Триумфальная арка — страница 77 из 89

– Значит, не припомнишь, Хааке? Нет, не в кадетском корпусе. Позже.

– Позже? Но вы ведь за границей жили? А я никогда из Германии не выезжал. Только в последние два года, вот сюда, в Париж. Может, где-нибудь в борделе?..

– Нет. Не в борделе. И не здесь, Хааке. В Германии.

Шлагбаум. Рельсы. Крохотный палисадник, зато цветы стеной – розы, флоксы, подсолнухи. Ожидание. Никчемный, обшарпанный, черный от сажи товарняк, пыхтя и отдуваясь, нескончаемо тащится сквозь благодать утра. А в ветровом стекле, отражением, все еще глаза, те самые, выпученные, студнем, – сейчас, в темноте багажника, на них налипает дорожная пыль.

– В Германии? А-а, понял. Должно быть, на партийном съезде, в Нюрнберге. Кажется, припоминаю. По-моему, в «Нюрнбергском подворье», верно?

– Нет, Хааке, – с расстановкой произнес Равич прямо в ветровое стекло, чувствуя, как темной стеной накатывается волна былого. – Не в Нюрнберге.
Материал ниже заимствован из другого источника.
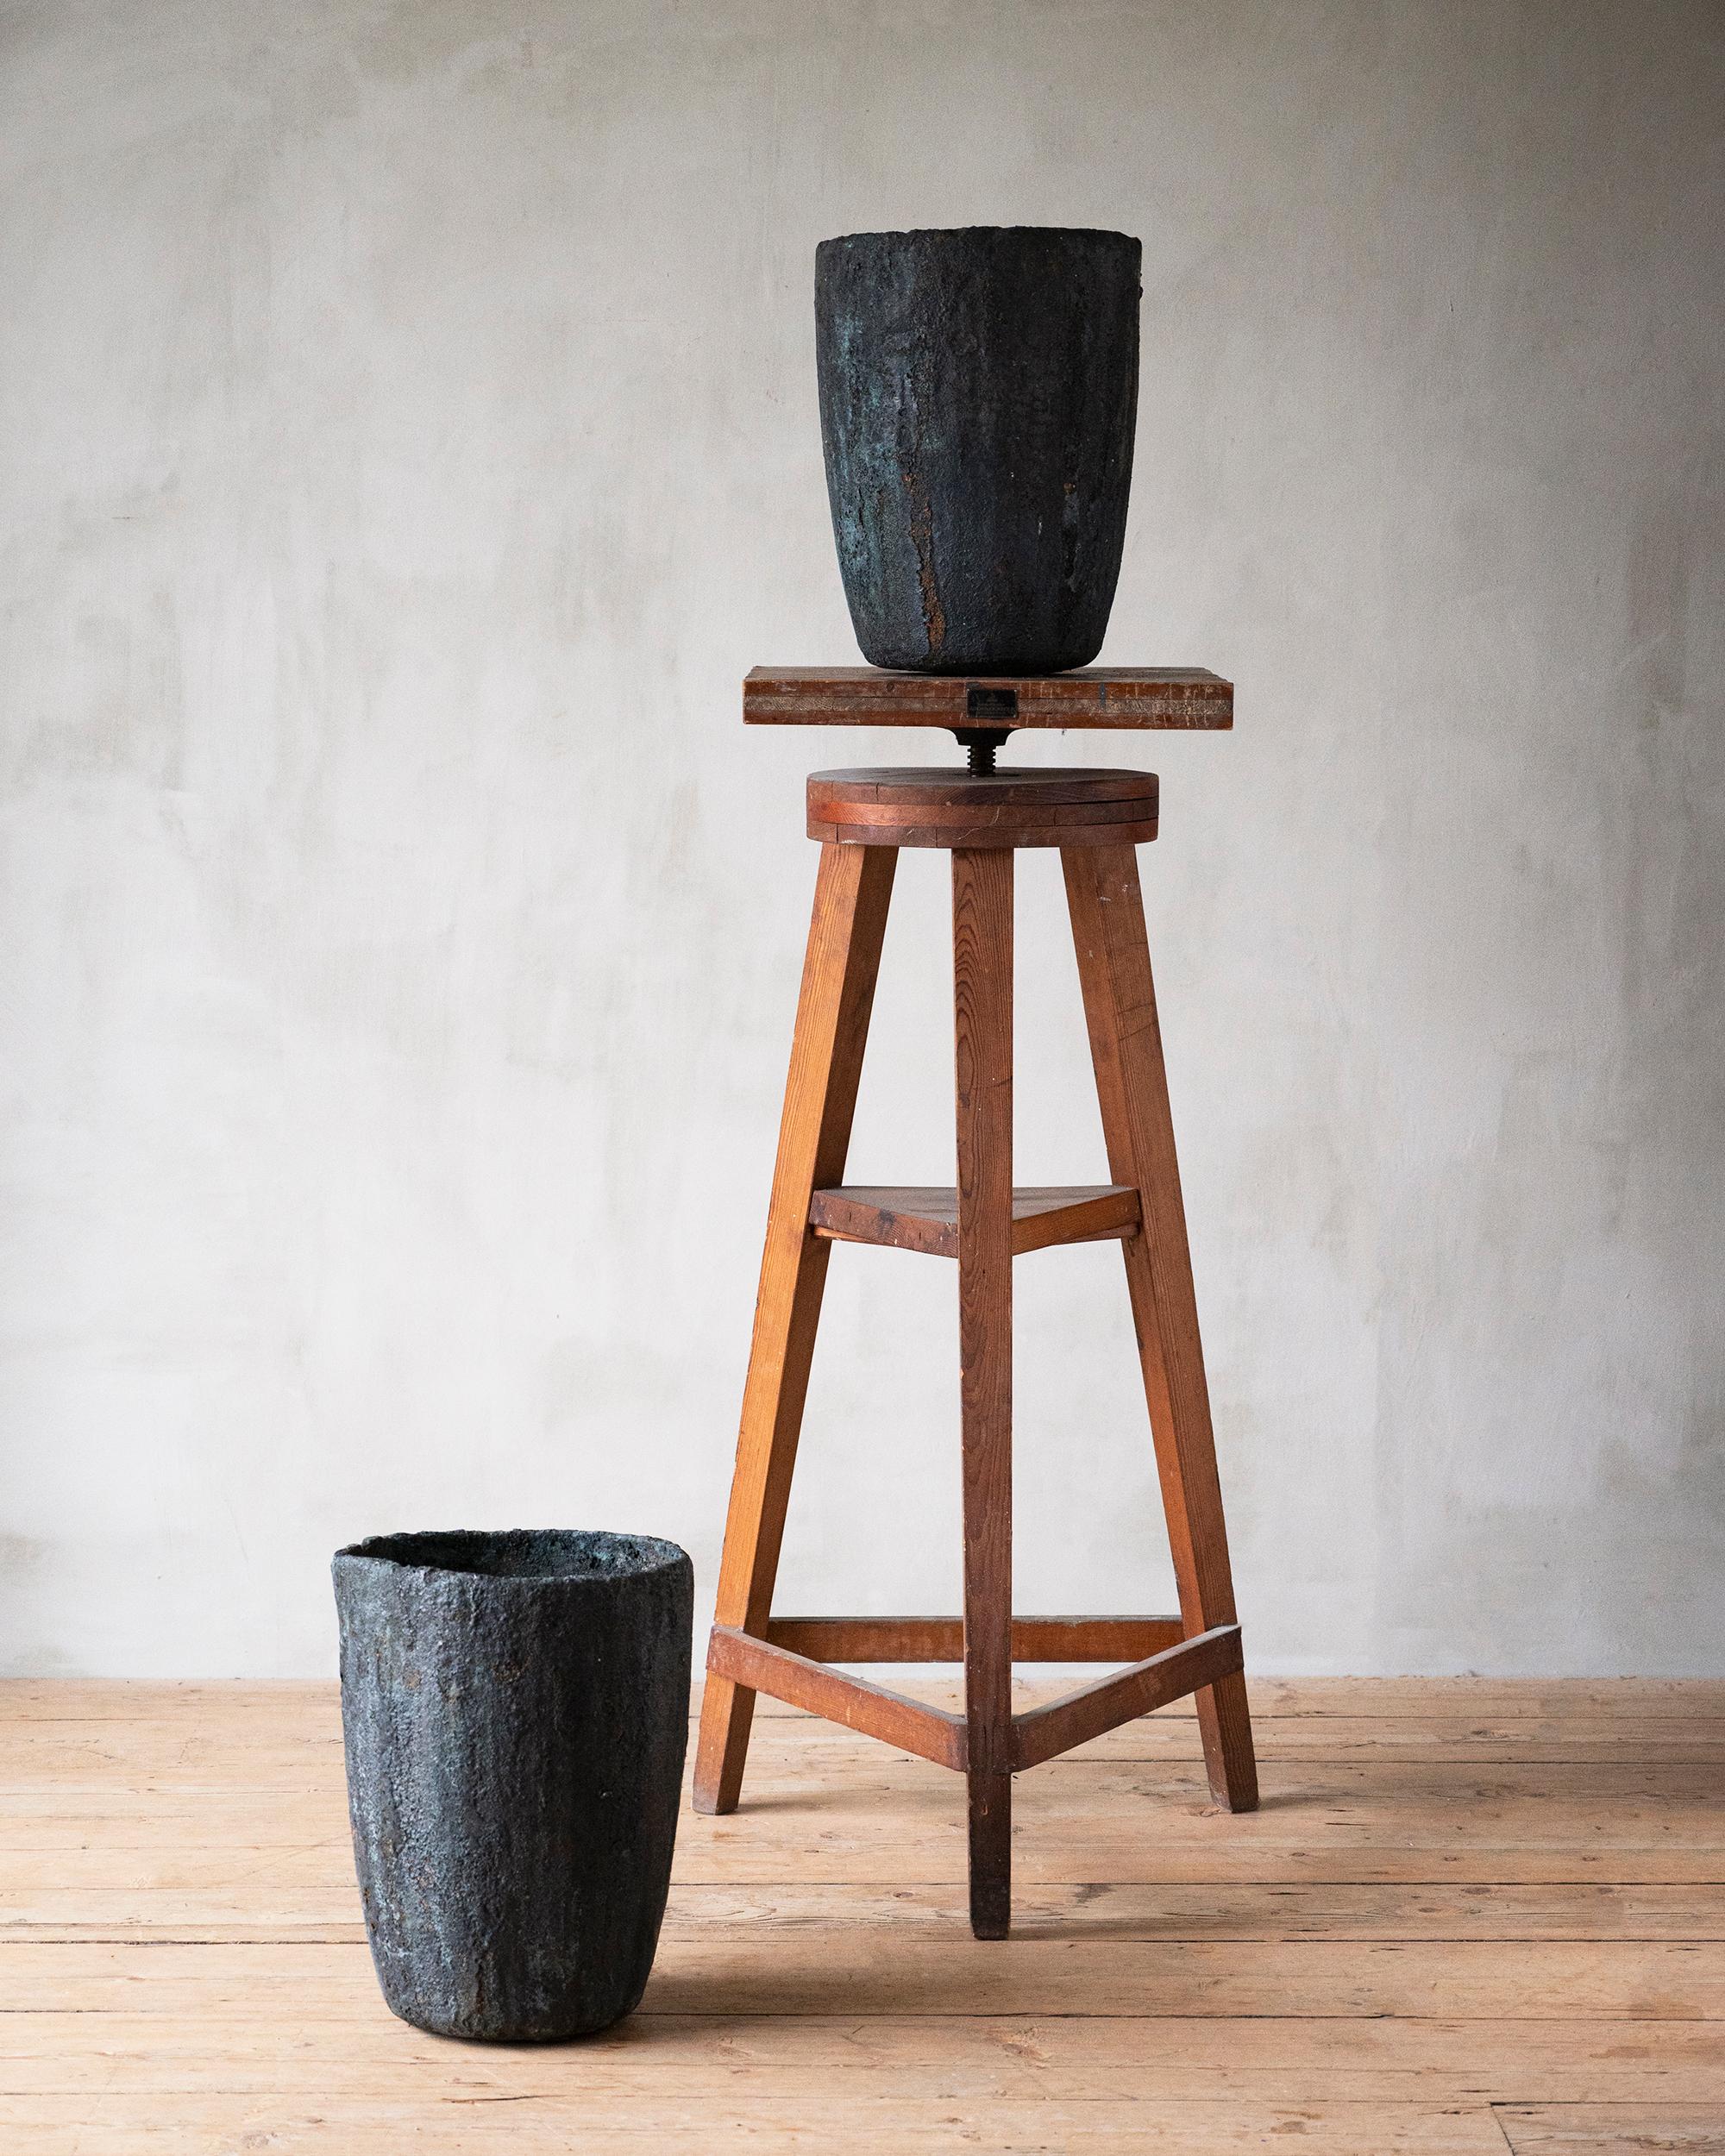 Good pair of mid to late 19th century factory Crucibles with fantastic patina. Ca 1850-90 Sweden,

В Берлине.

– В Берлине? – Призрачное лицо в тряской зыби отражения подернулось гримасой наигранного нетерпения. – Ну ладно, дружище, достаточно! Довольно тянуть из меня жилы, помучили и хватит. К чему эта пытка? Выкладывайте! Так где?

Еще волна, теперь под руками, как будто из-под земли.
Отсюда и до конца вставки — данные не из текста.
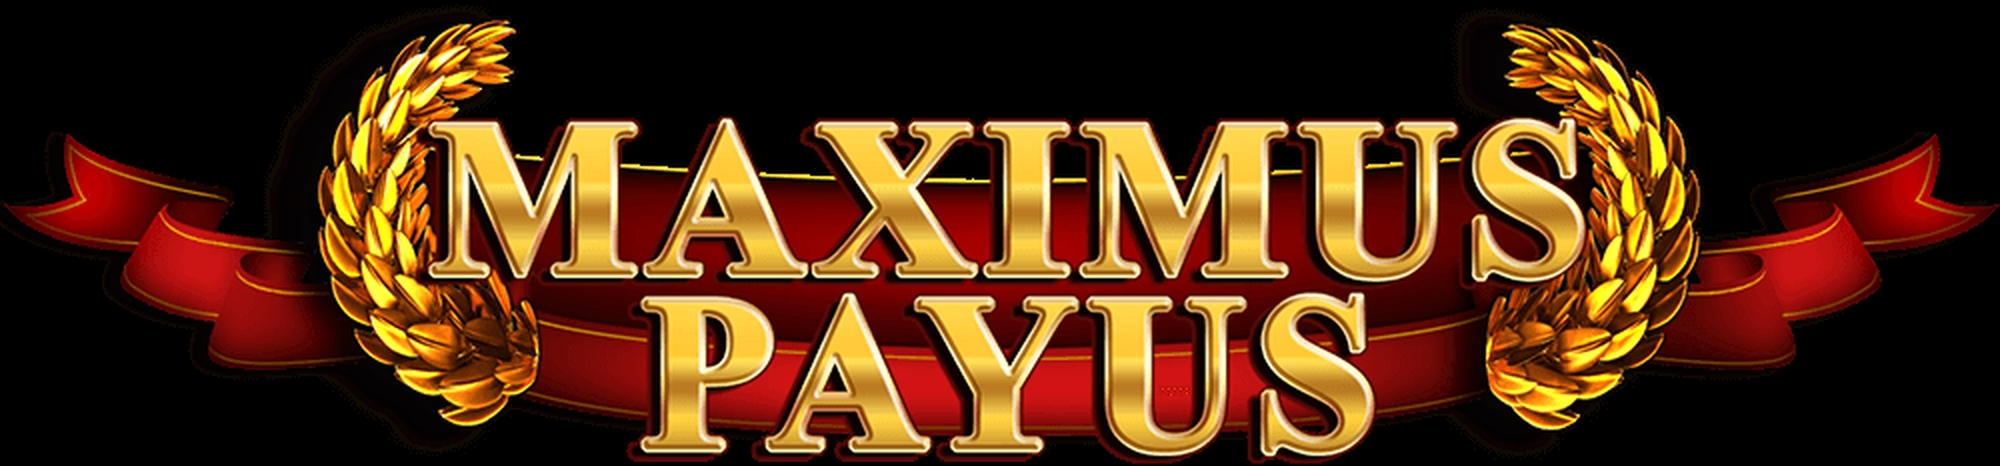 The Maximus Payus Online Slot Demo Game by Inspired Gaming

– Пытка, Хааке! Точно! Это была пытка!

Смешок, неуверенный, настороженный.

– К чему эти шутки, любезный?

– Это была пытка, Хааке! Теперь вспомнил, кто я?

Снова смешок, еще неуверенней, еще настороженней, но уже с ноткой угрозы.

– Откуда ж мне помнить? Я тысячи лиц вижу. Всех не упомнишь. А если вы на тайную полицию намекаете…

– Да, Хааке. Это было в гестапо.

Пожатие плеч. Пауза.

– Если вас когда-то там допрашивали…

– Именно. Теперь вспомнил?

Снова пожатие плеч.

– Легко сказать «вспомнил». Мы тысячи людей допрашивали…

– Допрашивали! Мучили, били до потери сознания, почки отшибали, руки-ноги ломали, полумертвыми в подвал сбрасывали, потом снова вытаскивали, лица уродовали, яйца расквашивали всмятку – это у вас называется «допрашивали»! Утробный стон тех, кто уже не в силах кричать, – вот как вы «допрашивали»! Звериный вой от обморока до обморока, а вы ему ногами в живот, и дубинками резиновыми добавить, и ремнем с пряжкой – это все у вас безобидно так называется «допрашивали»!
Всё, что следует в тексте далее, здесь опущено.